I volunteer to help with this
I’d be more than happy to contribute!
Yeah I like this idea a lot.
First step would be hashing out some kind of general design.
Is the assumption that we’d be testing files within a running Maya instance (presumably locked down / sandboxed in some way)?
Some starter Q’s to consider while thinking things through.
- Scan files "offline: then isolate/report/sanitize?
- Prescan files on load in a running maya, bail on unrecognized executable code?
- Use the hashing mechanism in this thread to identify & CRC safe executables
- scan for potential unsafe operations but allow other scripts
- I have a better idea… (include in a reply!)
- ban known bad scripts and ignore others
- allow only signed (= as in previous Q)
- Nuke and pave all executable code without explicit user OK
Edit – i removed a question about names because @chalk’s suggestion “manik” is too good and I unilaterally embraced it!
Hmm… I think code signing would be a viable solution but maybe it could be a graceful staggered approach. Test for code signing, if nothing found scan every file in memory based on buffer-size on load i.e. if the file is 2gb maybe pre-check then load vs a 100kb file test on stream in 64k chunks etc. Offline would be for batch folder sanitization. These would all get tested against a known set of bad actors too - essentially its like a virus checker/signer. So yeah a mix of everything As for a name the Mayan god of protection is called Tohil with its symbol is called Manik. So either of these seems pretty good. (The Manik symbol is pretty sweet too)
The offline scanning method seems good for safety, however, can .mb files be scanned in this way? If not, a running instance may be the only way to go - however, if you suppress script execution entirely, that should provide a relatively safe way to prevent any unwanted behaviours when files are opened.
What effect does node state have on code execution within nodes? For example if a .ma file is modified manually to set all expression nodes and script nodes to blocking, and the scene is then loaded, does anything execute?
subscribed. We are heads down on a rather large deliverable so I don’t know if I can volunteer too much time, but I am very interested in this project. For reasons.
One good thing we can do in the interim is to share test results – @EdArt’s question for example is a good one for people to try.
Another good one to consider is how much security is “enough” ? For example one could probably whack out a sandbox routine that would stop the viruses we have seen so far – but it’s extremely hard to guarantee that a motivated attacker could not get around any pure-python sandbox (great tech roundup here). My gut says that preventing all execution of arbitrary code is the smart way to go --but maybe people can come up with something better?

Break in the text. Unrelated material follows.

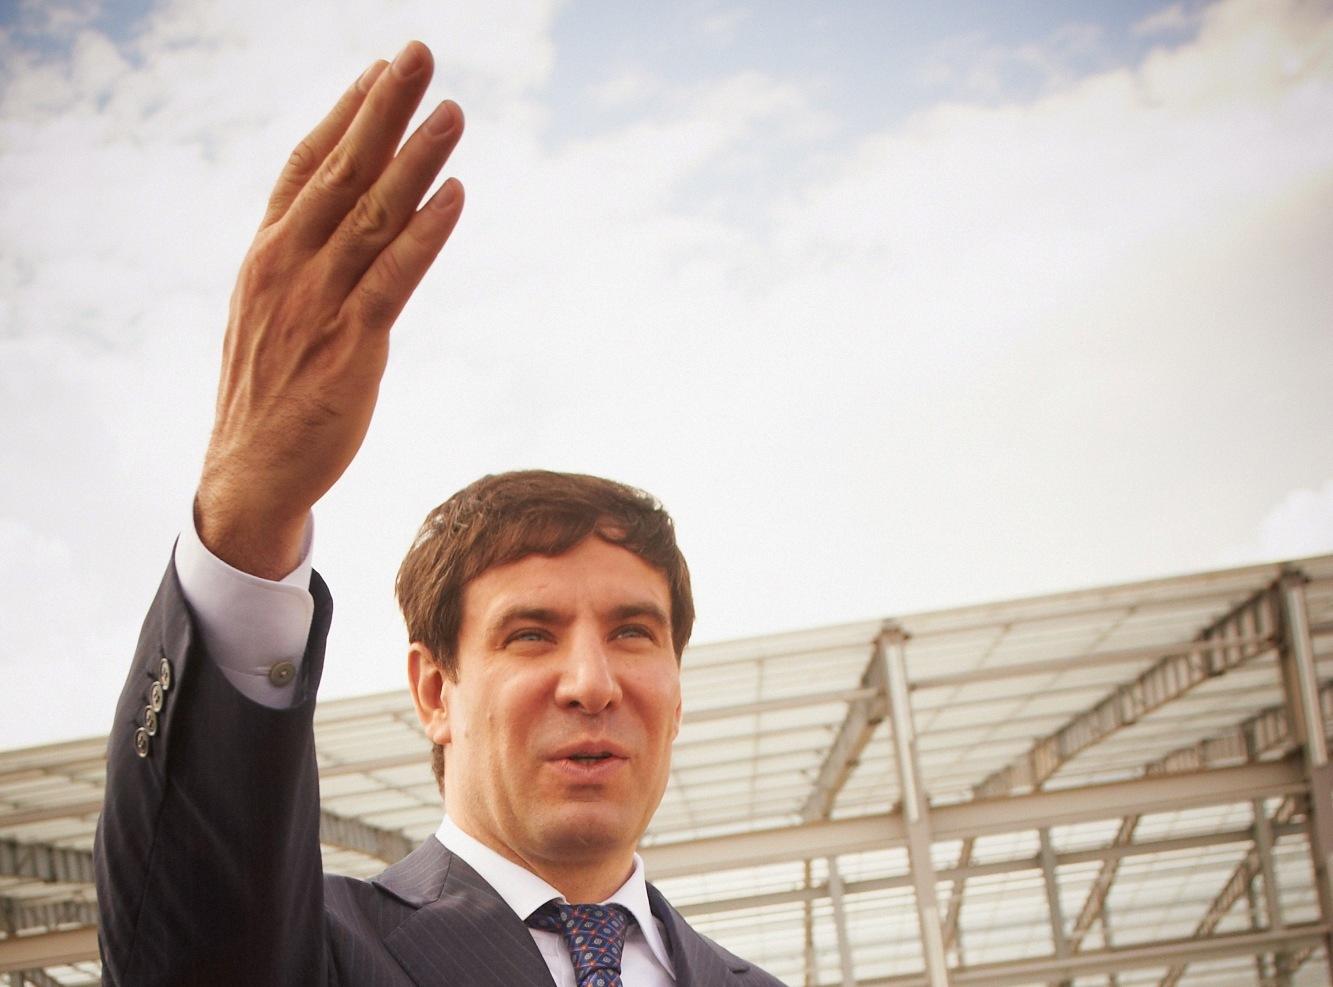 Бодров стал третьим претендентом на участие в предварительном внутрипартийном голосовании по отбо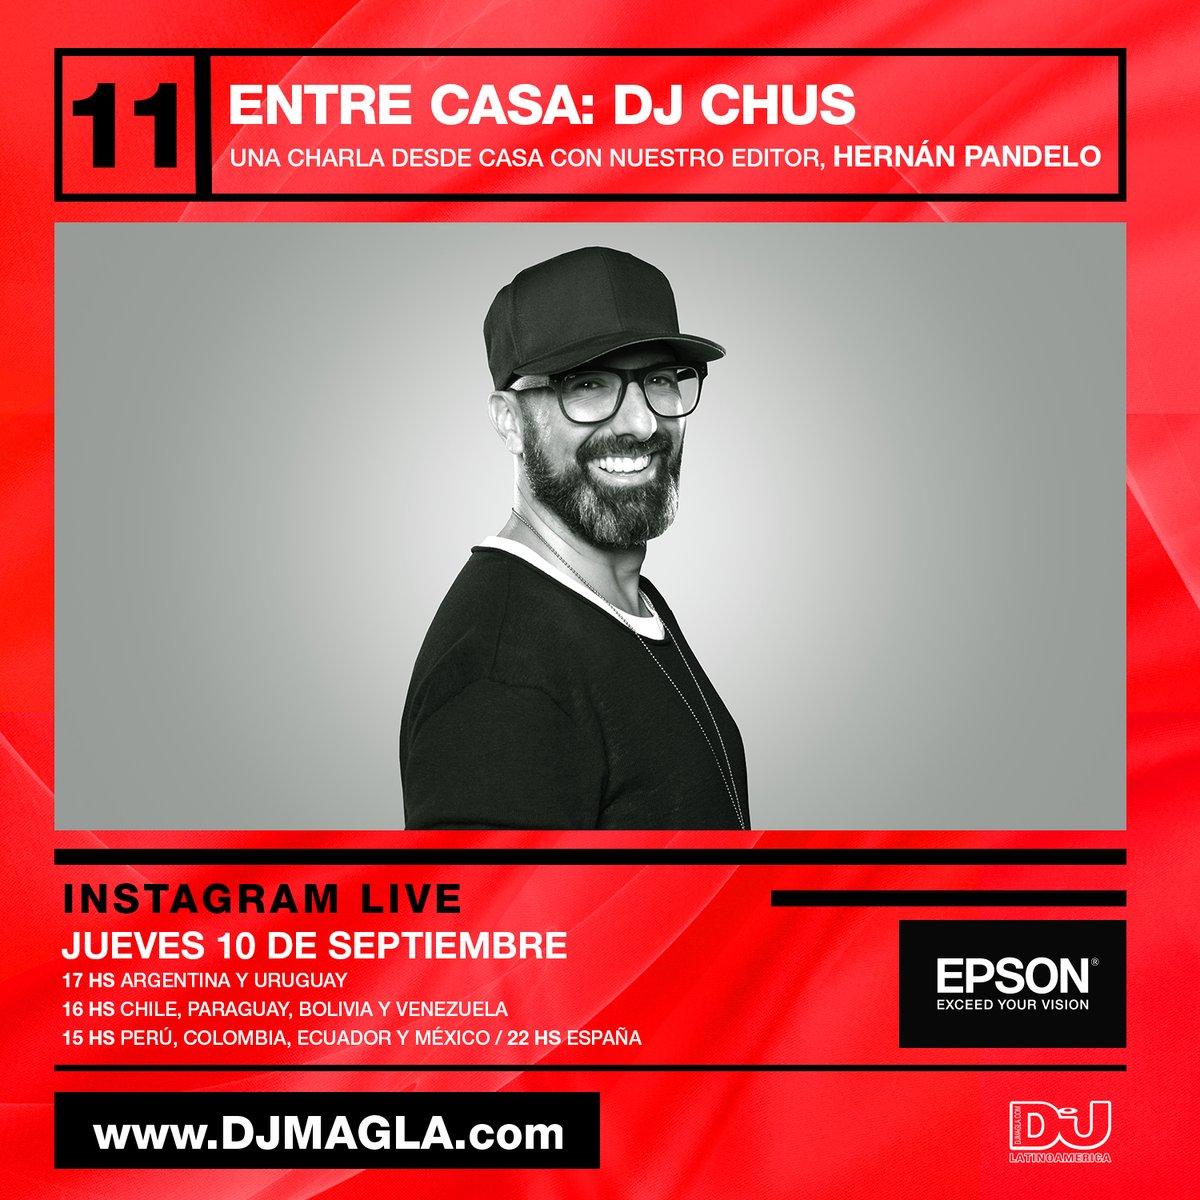 Tomen nota: Mañana desde las 5 PM GMT-3  @hpandelo estará charlando con  @DJCHUS en vivo desde nuestro Instagram ¡Los esperamos! https://t.co/Ikhs6isSiy

Forgot to add – another good way to contribute during this early stage would be to evolve some attack strategies we can use as tests. This weekend I’ll start a github repo we can use – i think for the short term we take it private so we don’t give away possible hacks before we have any defences, but eventually we will want to make the whole thing (including the test cases) public since there’s more security in many-eyes-on-the-problem than in obscurity…
To your first post, I think there are various methods we could work on:
filtering and evaluation with reporting - allowing users to decide what is dangerous and what isn’t, by not looking for malicious code explicitly, but simply looking for any code at all. This would then allow users to create whitelists.
extraction mechanisms - systems that can “rescue” content from potentially malicious files by extracting it, and only it, any breakages be damned (as this is likely to cause missing references, but that’s better than a virus)
like you said, a list of tests to identify attack vectors would be good; I have no idea about this, but could there be other methods to run code than script nodes / jobs? Can code be embedded in places where it gets evaluated?
I bet there are other vectors that we’ll have to find by trying. I know that catching potential bad scripts by static analysis will be very hard – it’s just too easy to objuscate potentially bad code that suddenly becomes evil at run time. Hopefully our “red team” of attack testers will uncover all the sneaky ways to deliver a bad payload, and the “blue team” will then find countermeasures. Nuking script nodes is easy (and, apart from some rigging scenarios, probably not too much of a loss) – as for other vectors we will have to see.
I’ve created a private github repo and team. pm me or @bob.w to get added
Spring 2021 Update
whats the status of this? I was about to go about this alone for our company needs. Happy to help. Ive got a team of 6 working right now. Github?
We do have a project, if you’d like to be added to the github group, PM me with your github account
The scanner is here: Maya MA file security plugin
Do we have a database/list of potential infection variations that we can all contribute to and refer to?
We keep a private github of infected files – we tend to keep it secret to avoid giving bad guys any ideas. If you have infected files please LMK and I’ll see if they are duplicates of any of our existing ones.